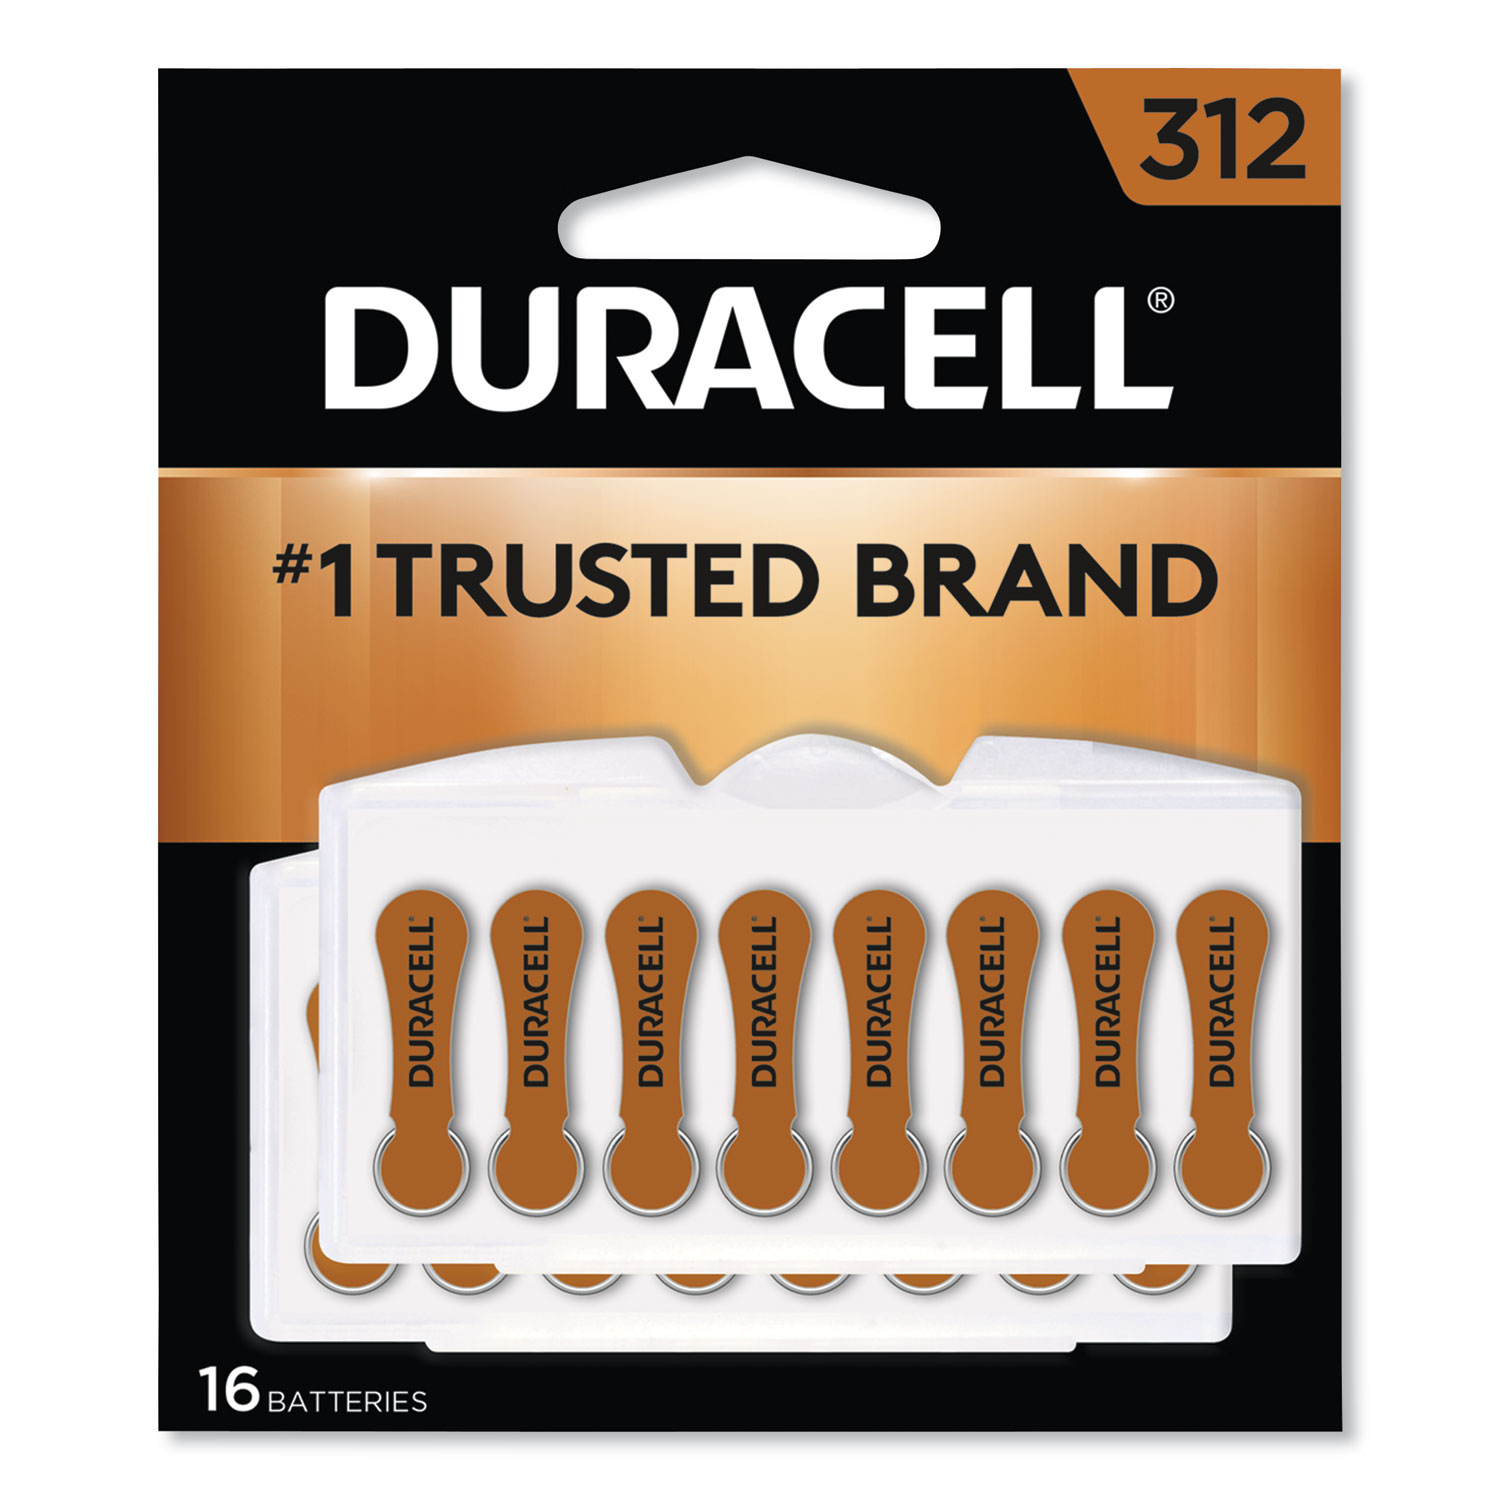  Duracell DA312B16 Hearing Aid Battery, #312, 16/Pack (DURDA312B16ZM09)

==

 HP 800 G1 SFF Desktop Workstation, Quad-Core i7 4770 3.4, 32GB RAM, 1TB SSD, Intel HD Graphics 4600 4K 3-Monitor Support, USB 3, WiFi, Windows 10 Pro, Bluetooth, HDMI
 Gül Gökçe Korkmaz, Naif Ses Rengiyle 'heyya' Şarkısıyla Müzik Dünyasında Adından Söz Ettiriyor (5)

• _ACTION ITEM_: Taking the entries above, restate exactly those lines that fall between the line with "HP 800 G1 SFF" and the line with "Gül Gökçe Korkmaz, Naif", keeping both of those lines too.

• _WRITTEN SOLUTION_:
 HP 800 G1 SFF Desktop Workstation, Quad-Core i7 4770 3.4, 32GB RAM, 1TB SSD, Intel HD Graphics 4600 4K 3-Monitor Support, USB 3, WiFi, Windows 10 Pro, Bluetooth, HDMI
 Gül Gökçe Korkmaz, Naif Ses Rengiyle 'heyya' Şarkısıyla Müzik Dünyasında Adından Söz Ettiriyor (5)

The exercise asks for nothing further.